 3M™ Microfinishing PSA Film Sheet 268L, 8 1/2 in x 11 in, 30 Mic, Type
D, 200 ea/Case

--

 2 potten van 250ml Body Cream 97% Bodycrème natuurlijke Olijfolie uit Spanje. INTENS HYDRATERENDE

---

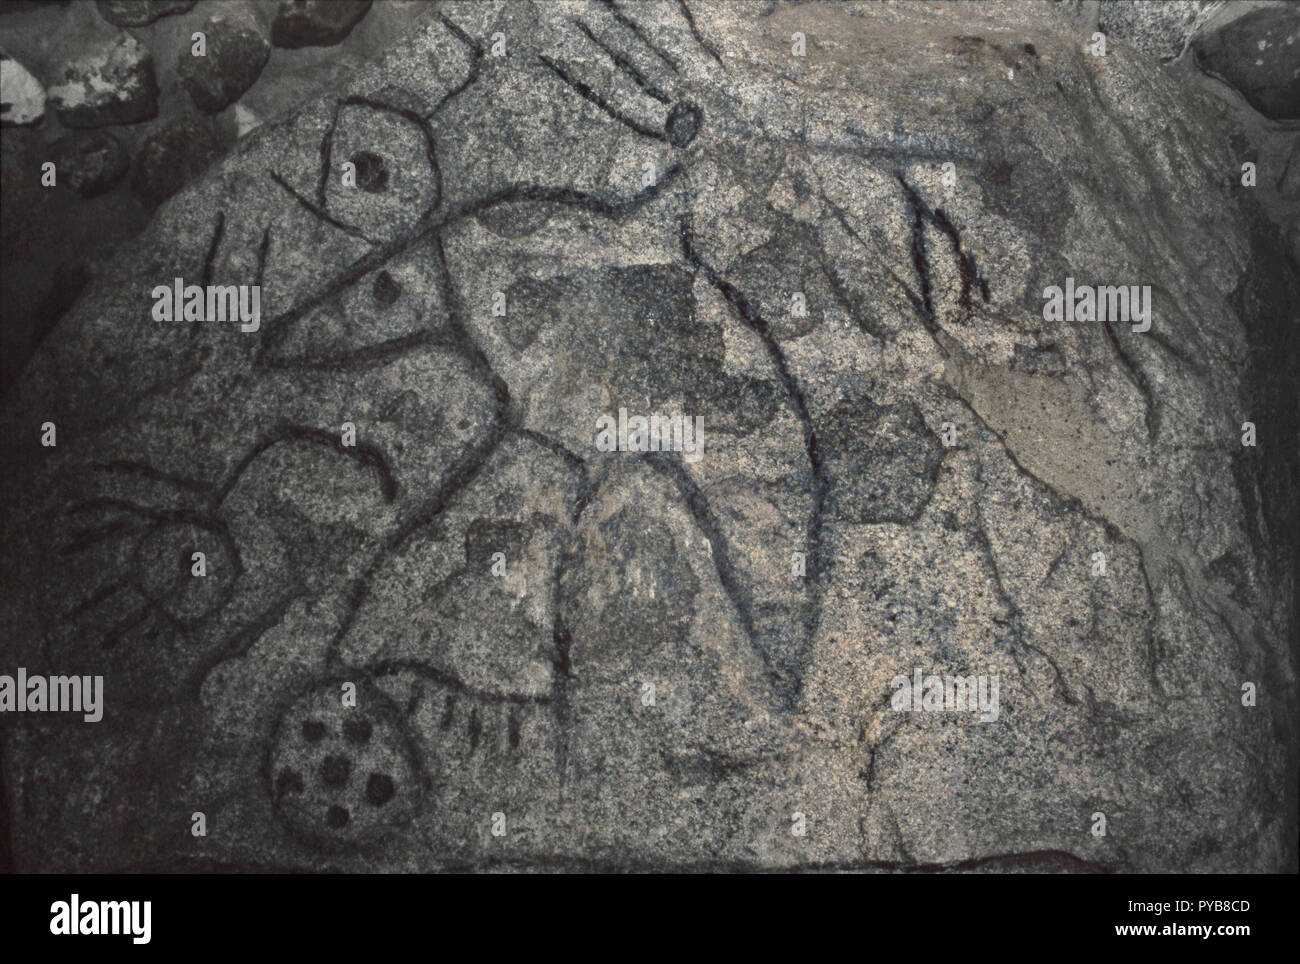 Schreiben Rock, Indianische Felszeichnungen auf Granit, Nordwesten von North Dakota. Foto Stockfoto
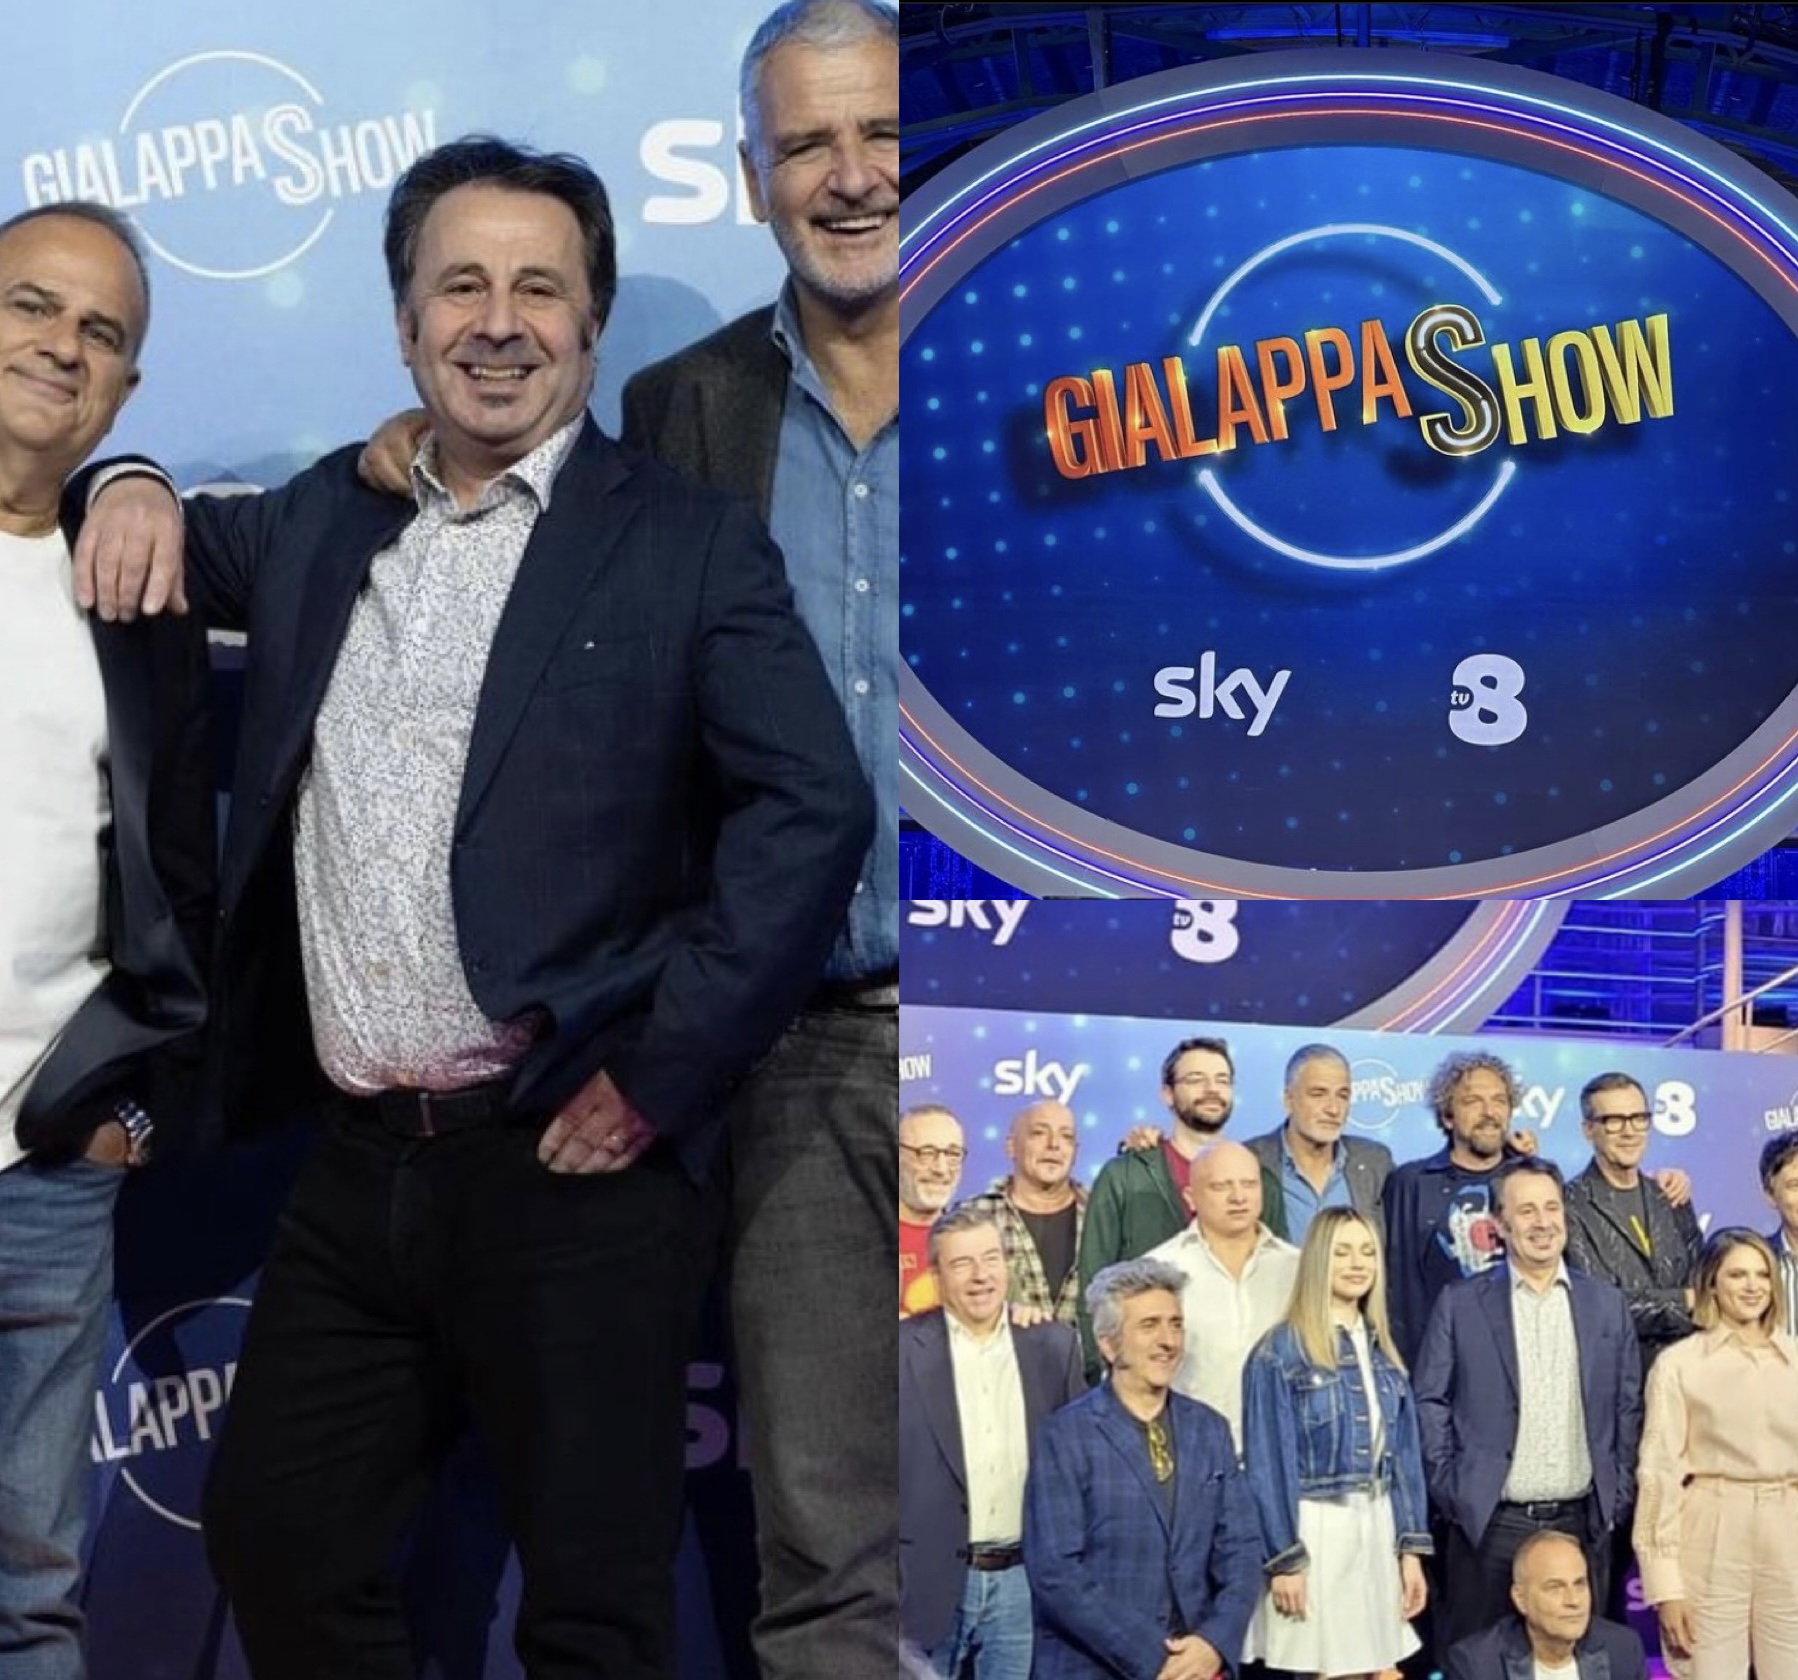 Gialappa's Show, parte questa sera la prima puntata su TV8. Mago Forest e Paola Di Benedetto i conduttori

[Task]: Considering only the material above, set down every line from the one with "3M™ Microfinishing PSA" to the one with "D, 200 ea/Case", inclusive, exactly as written.

[Reply to the task]:
 3M™ Microfinishing PSA Film Sheet 268L, 8 1/2 in x 11 in, 30 Mic, Type
D, 200 ea/Case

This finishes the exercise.